I got this far, stopped the video and searched for a comment like this. Why isn't this the top comment?

@abdulmueed2844 6 месяцев назад

its not total unique words… basically its text from different websites its different sentences … so lets say you want llm to answer you about coding you train it on all the data on stackoverflow, leetcode etc every available resource … so it knows when users asked questions how to run loop in java the replies were x,y,z … its more of glorified and better google search that feels like intelligence …

@dasikakn 6 месяцев назад

He said 178m words in a 1 GB sized file. And a petabyte sized file has 1 million _gigabytes_ in it. So, loosely speaking, you multiply 178m with 1 million to get number of words in an LLM. But…It’s not being fed unique words. It’s getting word patterns. Think about how we speak…our sentences are word patterns that we use in mostly predictable structures and then fill in the blank with more rich words as we get older to convey what want to say with synonyms etc.

@ereinei 5 месяцев назад

1PB = 1024 TB = 1024 GB

@jks234 4 месяца назад

What makes knowledge so complex is not the words, but the way the words are used. Choose any word and you will see that it is linked with hundreds of topics and contexts. If I say draw, I could be talking about drawing water drawing class drawing during class drawing my friend drawing a dog drawing a long time drawing that sold for a lot of money I like drawing And so on. These all code for a different idea. And it is these “ideas” or relationships that foundation models encoded. With these relationships, you now have the probabilistic weights that allow you to construct realistic and correct sounding sentences that are also likely accurate because of the enormous dataset it was trained on. Another context idea. You want to connect fish to swim. This is highly weighted in the llm.

@TheLeppus28 5 месяцев назад

What to do if a Large Language Model after putting all petabytes of data into it is still talking nonsense?

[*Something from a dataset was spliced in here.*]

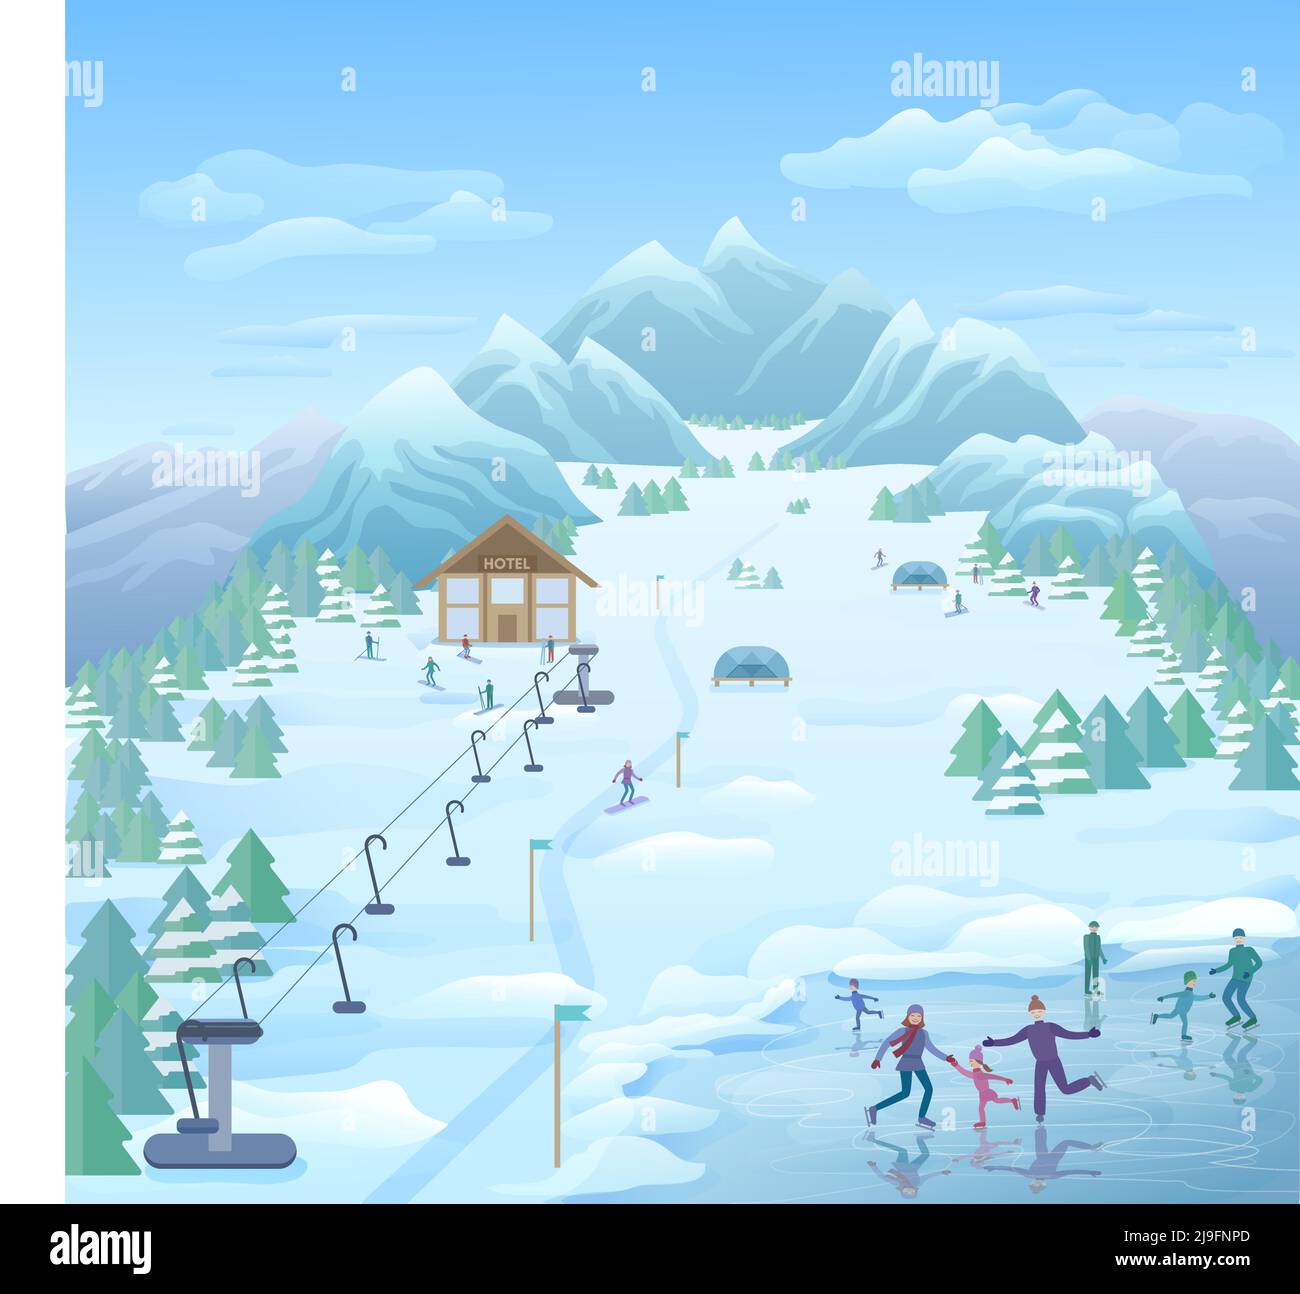 Modèle de parc réactionnaire d'hiver avec patinage ski surf des neiges touristes illustration vectorielle de forêt enneigée et de paysage de montagne Illustration de Vecteur

@jonitalia6748 3 месяца назад

$PLTR

@Balthazar2242 9 месяцев назад

How is he writing backwards

@IBMTechnology 9 месяцев назад

See ibm.biz/write-backwards

@karolinasobczyk-kozowska3717 5 месяцев назад

Wow! It's a clever idea 😊

@thiruvetti 9 месяцев назад

You could have finished the video by saying an LLM like Chat GPT could have produced the entire explanation for this video.. (I think u hinted the same)

@MichaelDomer Месяц назад

Hire someone next time who can explain it to the average John and Jane. Talk about 7 billion parameters and you already have John and Jane scrathing their head like crazy what the fuck he's talking about. Oh, yeah, some in the comment section understand it... but they're not the average John and Jane... they're often familiar with coding, data, business processes, computers, etc

@AGI-001 2 месяца назад

This is scarrry

@Blazeww 8 месяцев назад

Isn't it using the most likely thing that humans defined and just uses patterns of what's most expected based on how humans interact and info put in..... that's not complicated. How do they not understand how it works....

@ricardog.p2610 2 месяца назад

If IBM knows that, why they didnt implement it in the Watson that were useless 😂😂😂

@spadaacca 7 месяцев назад

Not a very good video. Really didn't explain much. You could have said so much more in 5:33 than slowly drawing things and talking about business applications.